Advice to BSNL and MTNL

My friend, Arun Mehta, has some advice for the public sector telecom providers. They are losing customers. Arun believes that their approach is wrong and that they should see the opportunity in using their last mile access for affordable internet connectivity. I reproduce (with his permission) his recent contribution to the india-gii mailing list.

In the May editorial of Voice and Data, Ibrahim points out that BSNL lost 4.4 million landline customers in 2007-8 alone, while MTNL lost over 200,000 just in Mumbai and Delhi in the same time. Given their vast investments in buried copper, and an army of linesmen, who are not needed for mobile connectivity, they are in a jam. Going by the BSNL advertising campaign — unprecedented and huge, by the way — they seem to have two strategies to counter this:

  1. Somehow sell the idea that a landline makes you respectable.

    The Bollywood star Preity Zinta figures in this ad, in which she refuses to marry someone who doesn’t have a landline. Hopeless cause, IMO. In my perception, people sometimes seem a bit disappointed when you give them the landline number instead of the mobile, as if you didn’t trust them enough.

  2. Convince people to get broadband over DSL, which, as the editorial points out isn’t working.

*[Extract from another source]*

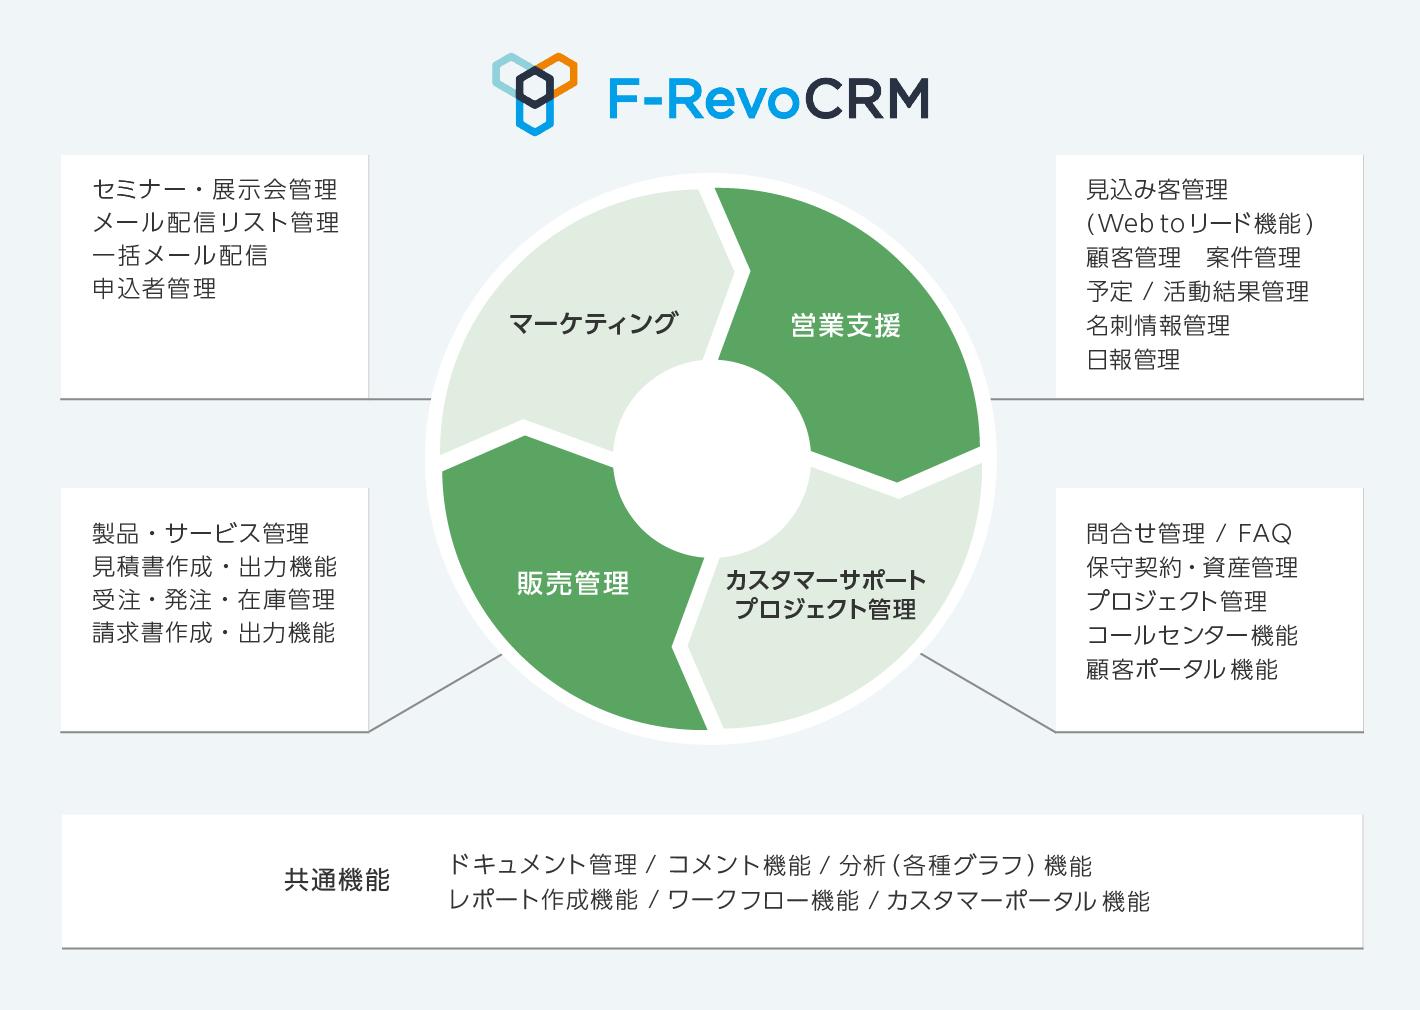 マーケットプレイスにて「F-RevoCRM」の提供を2月20日より開始します

    For this to work, they need to encourage the Internet, instead of placing obstacles in its path. They should realise that the future is the Internet, not stupid voice-centered telephony, and where there is a conflict, go with the former. Towards this end, they should take a fresh look at the recommendations below, some of which we have only been making for the last 15 years or so (feel free to add to the list):

    • get rid of all restrictions on Internet telephony, the killer app for the illiterate and poor.
    • stop censoring the Internet, and restricting the use of technologies such as encryption
    • take action against those sending spam from India
    • allow the nation to have a truly independent regulator, with genuine teeth

5 thoughts on “Advice to BSNL and MTNL

  1. Regulator (and regulation) may not be a good idea.

    The part below about net neutrality, but it applies for all regulation:

    The federal government is a poor choice for any of this – From defining what is required of a provider to satisfy “neutrality,” to developing the rules for enforcement, to operating those rules, the federal government and in particular the FCC are poor choices to solve the problem, assuming the problem exists in the first place. Maybe the Internet has worked so well because neutrality has been a persistent part of the architecture. Maybe it’s worked so well because there has been minimal government regulation of its design and operation. Maybe both. More of the latter to shore up the former is a dangerous trade-off.


  2. The DSL service of BSNL does have a cost advantage over private operators. It’s service starts from Rs 250 while most private telcos start their service from Rs 500.

    But, you can see that for broadband there is generally a difficulty in getting a connection and it reminds us of the time in which the difficulty was for the phone.

    BSNL, also gets a percentage of the revenue of all mobile operators as the Access Deficit Charge (ADC) and the Universal Service Obligation (USO). So if BSNL is failing, then it just takes a little lobbying to increase these fees.


  3. BSNL is an orphan and riddled with sarikari work culture.

    The way their GSM tender was prolonged looked like a conspiracy by brivate GSM players.

    Few years back, I had to surrender BSNL and get Airtel with Broadband as they had six months waiting period. Now it is more or less available on demand.

    Wireline is not dead and is more reliable during emrgencies where wireless network gets chocked.

    Finally, I do not understand why they should charge more than Rs 500 for unlimited broadband home connection.
    When we get unlimited 2 Mbps Broadband for Rs 500 to Rs 1000 in US / UK, why should they have ten stupid plans and higher download costing Rs 1+ per MB.


  4. There is a vast chunk of RF spectrum in india that can be used for this.
    India did not have any UHF channels.
    All of thats tied with defense…
    I’d suggest auctioning it for 10/20 year terms with the infrastructure such that DOD can turn it off in an emergency.
    It will have the same issue as urban vs rural but auction prices will reflect


  5. There are even stories that BSNL and MTNL and other such public sector Babus have been pocketed(its easy in govt. – if MLAs can be bought, why not Babus) by some private firms, so that they willingly ensure that these public sector firms keep sleeping. And at the end of their tenures, these Babus will find a job with these private companies.